A new security analysis shows that the popular LoRaWAN IoT protocol can be easily hacked thus exposing the security of the network of devices. This is especially worrying as this is one of the most popular implementations of communications used by decentralized devices and industrial modules used in enterprise environments.
LoRaWAN IoT Protocol Is Insecure
The LoRaWAN IoT protocol is now considered as not so secure due to new findings that were published recently online. This is one of the most popular ways to connect devices in enterprise environments as this standard ensures good connectivity using low power. This is particularly useful in production plants, smart city planning and mesh networks where a lot of devices are configured to work together. By design it includes encryption options. However this has made most administrators to trust it by default which allows for many inherent weaknesses to be exploited when certain conditions are available. At the moment no known vulnerabilities are known however there is a worrying fact — there are no existing tools for testing such IoT networks and detecting possible attacks.
The issue that lies within the LoRaWAN IoT protocol is that if the encryption keys are obtained the whole network will become vulnerable.
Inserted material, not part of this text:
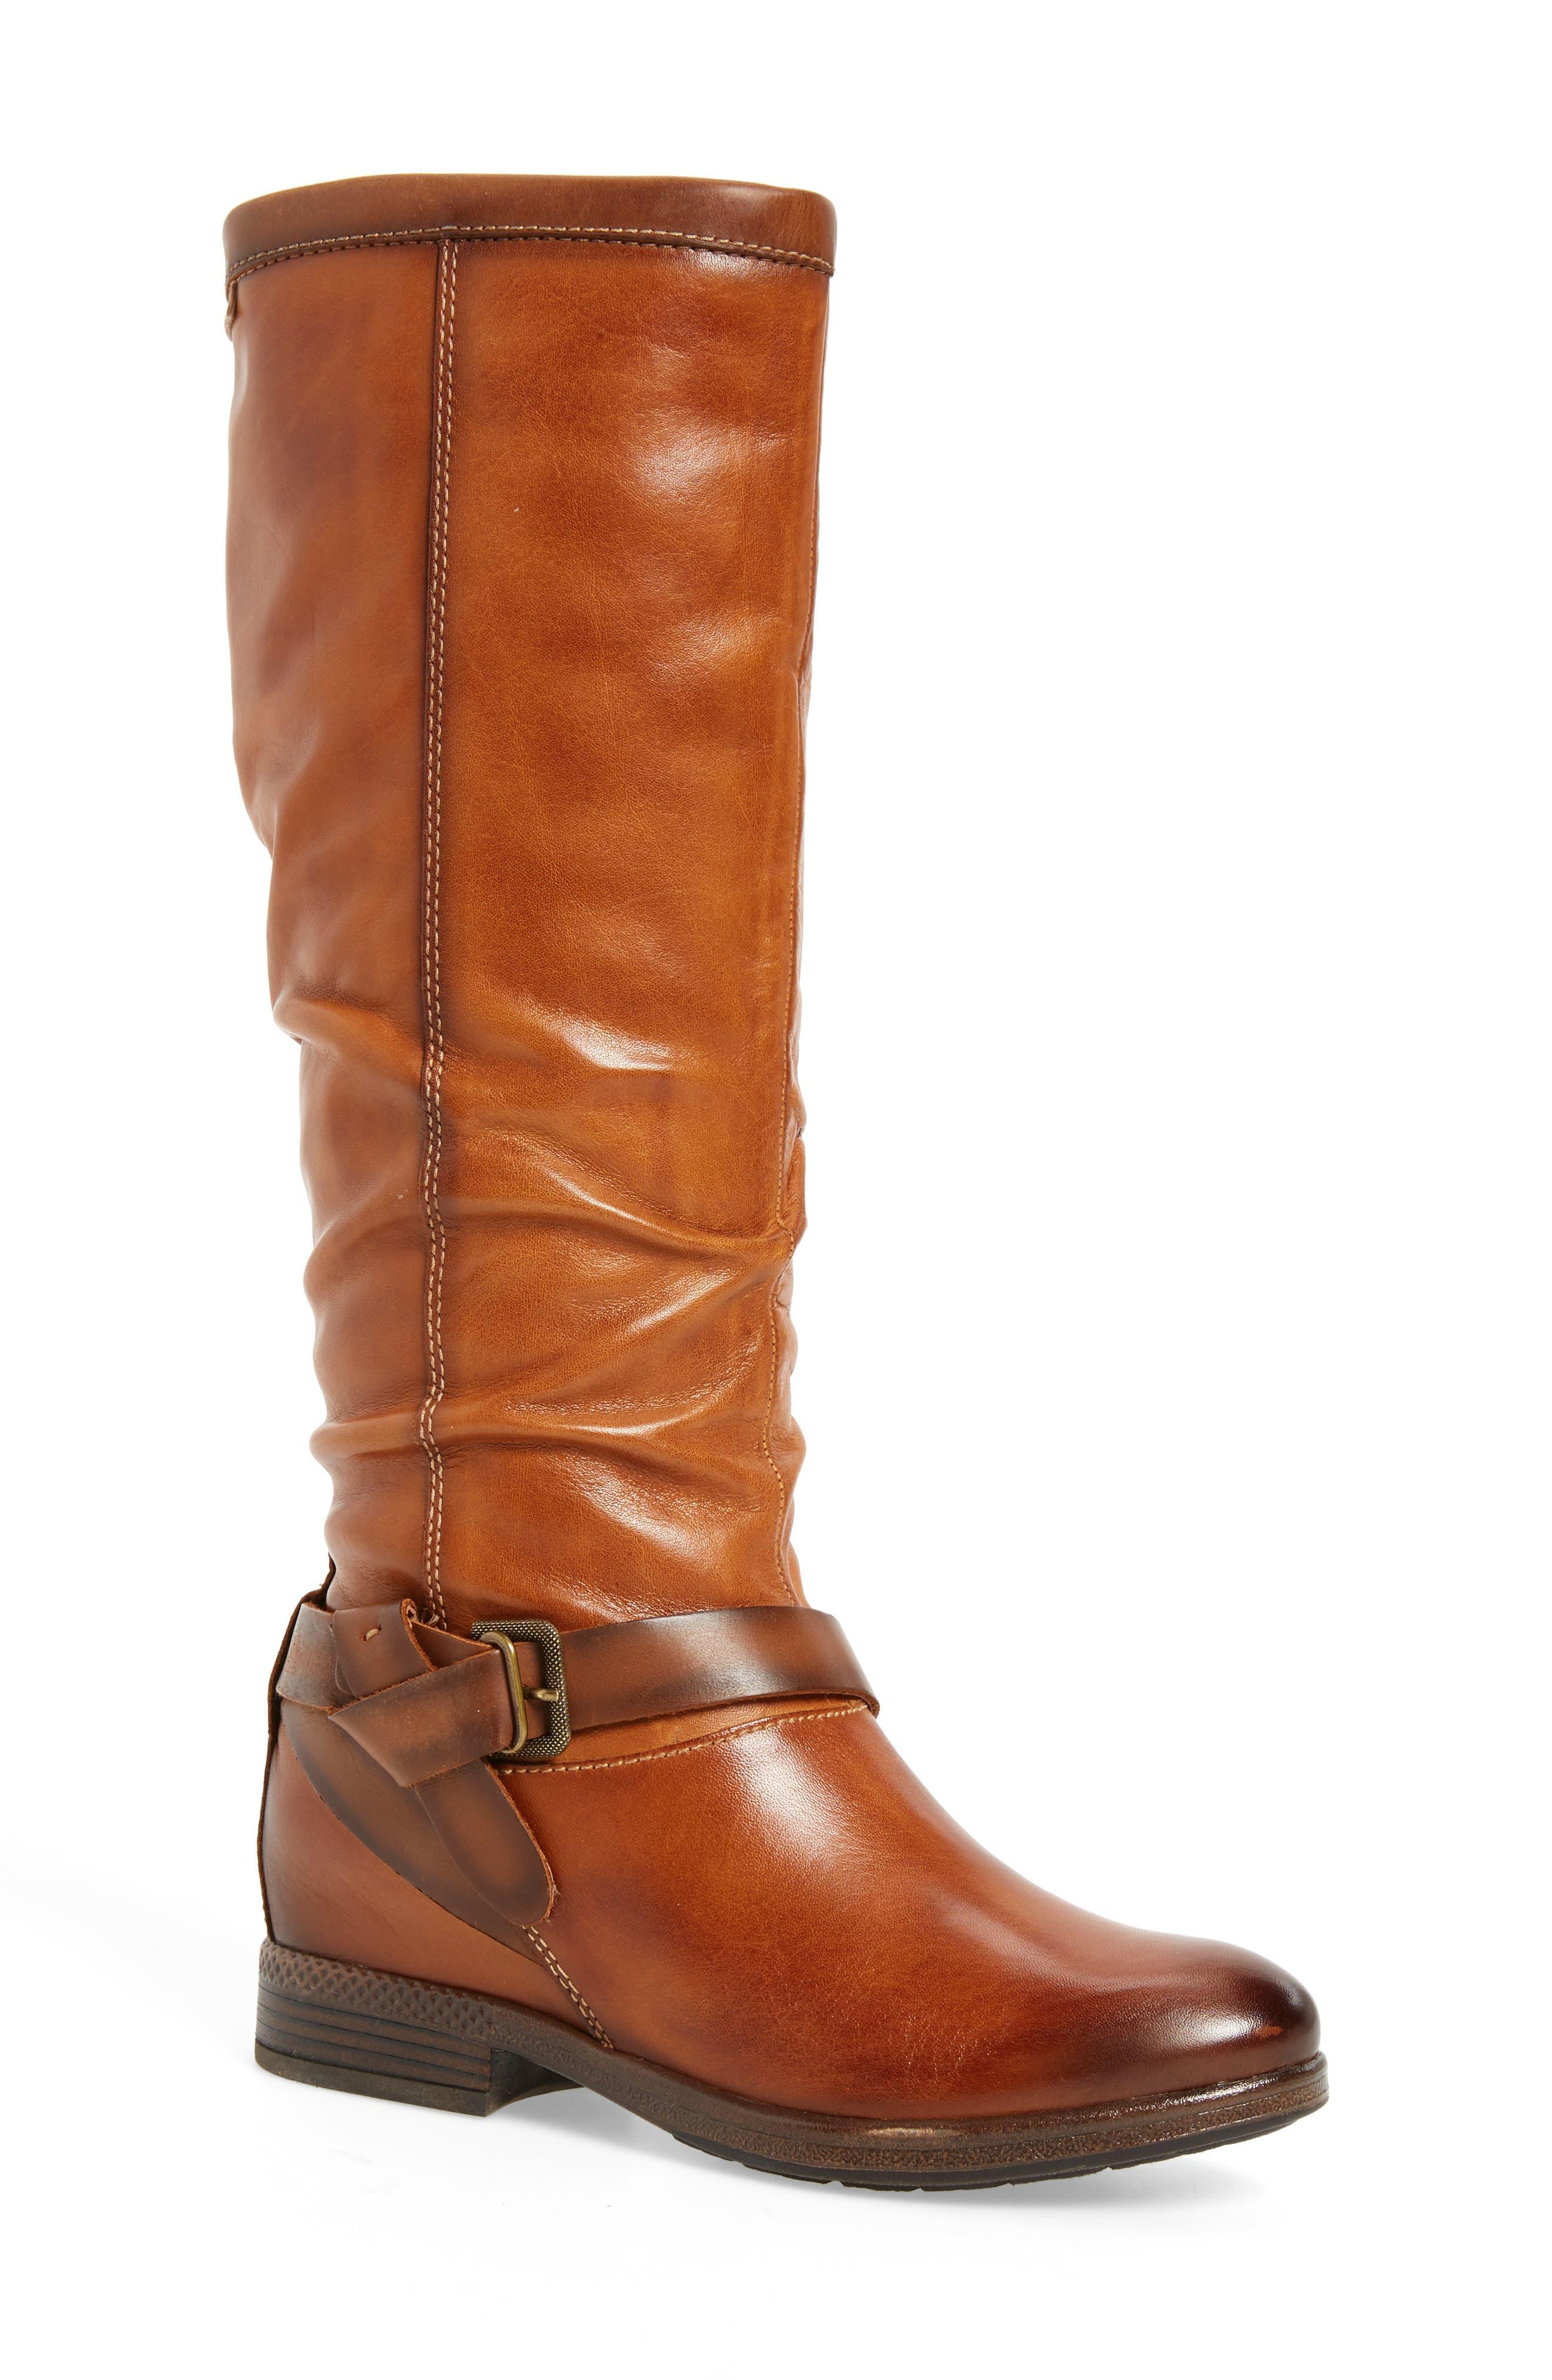 Ordino Knee High Boot,                             Main thumbnail 1, color,                             Brandy Cuero Leather

According to the specifications the keys are the only security measure. There are several scenarios that make it possible to obtain them by having physical access to the IoT devices. The keys can be extracted using several common mechanisms:
- Social Engineering Tactics — The criminals that want to intrude onto a given network may use various phishing, blackmail and social engineering tactics that can persuade device owners or administrators into giving them the requested information.
- Spoofing and Sniffing — By having access to potential communicators the hackers can sniff or spoof the network stream and as such retrieve the keys. This is possible when transmissions are done via radio modules.
- Device Tags — Access and activation of devices is often via QR codes and other types of tags that are used in the initial setup. If they are not removed attackers with physical access can intrude onto the network using these credentials.
- Hardcoded Keys — Default passwords and hardcoded strings can sometimes be used in devices that provide external Internet access. Hackers can program automated toolkits into attempting login. This is also linked to easy-to-guess and weak passwords.
- Other System Weaknesses — Access to the network and indirectly to the encryption keys streams can be made possible by exploiting weak services.
When brute force attempts are made the hackers can use the two popular approaches — dictionary attacks or algorithmic guessing. Another possible intrusion detection is the setup of a DDOS attack that can take down certain security infrastructure thus allowing access to the internal communications.
At the moment there are some LoRaWAN security recommendations which experts suggest to be implemented in any IoT network regardless of its size. Device owners should replace the vendor keys with strong and random strings, to always diversify keys on separate devices and to often audit credentials to check for possible weaknesses. The network administrators should always maintain a best security practices guidelines and ensure that it is followed by all users and devices on their networks.